12 or 20 (second series) questions with Trynne Delaney

Trynne Delaney (b 1996) is a writer currently based in Tiohtiàh:ke (Montreal). They hold a Master of Arts in English Literature and Creative Writing from the University of Calgary. Their work appears in The Puritan, CV2, Carte Blanche, GUTS, WATCH YOUR HEAD, and the League of Canadian Poets’ chapbook These Lands: a collection of voices by Black Poets in Canada edited by Chelene Knight. In their spare time they like to garden. They grew up in the Maritimes. the half-drowned is their first book.

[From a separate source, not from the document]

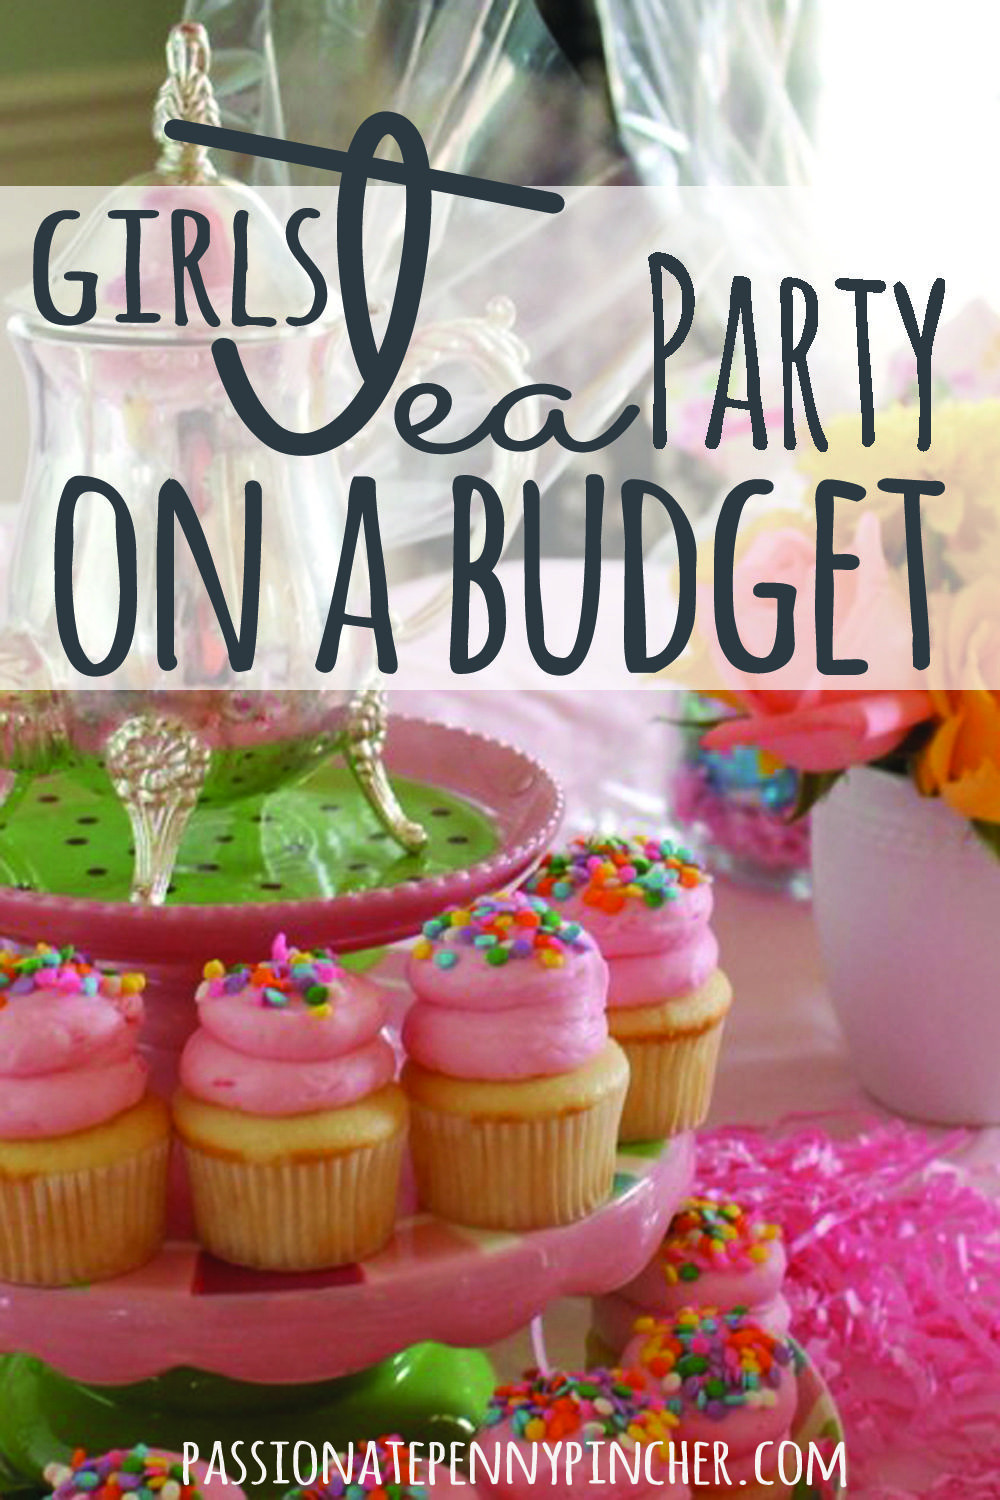 Party Games For Little Kids
 Girls Tea Party A Bud

1 - How did your first book change your life? How does your most recent work compare to your previous? How does it feel different?

My first book the half-drowned will be releasing a week after I wrote this in June 2022. I’m not sure how it will change my life once it’s out in the world. Writing it certainly changed my life—I have relationships to texts and people that I know I wouldn’t have without the work that went into this book.

Working on it has been one of the most rigorous processes of my life. It’s taught me a lot about what my own needs are as a writer. For example: I need to have a space dedicated to my writing outside of my house. I didn’t realize how much I was writing outside of my house before covid hit in cafes, parks, libraries, busses… about a year ago I managed to find a studio space. I’m super grateful for it.

2 - How did you come to poetry first, as opposed to, say, fiction or non-fiction?

I think I came to poetry simultaneously with other forms of writing. The first time I remember really connecting to a poem was with Life Doesn’t Frighten Me by Maya Angelou, the version illustrated by Jean-Michel Basquiat—ironically, life does frighten me very much. But the first time I think I understood how versatile poetry can be was in an American Lit course. I chose to write an essay on Crossing Brooklyn Ferry and it was like I’d unlocked a portal to another dimension. In terms of my work, most of it is hybrid form – I don’t think of poetry as separate from fiction or non-fiction or even other more visual genres like graphic novels or film/tv.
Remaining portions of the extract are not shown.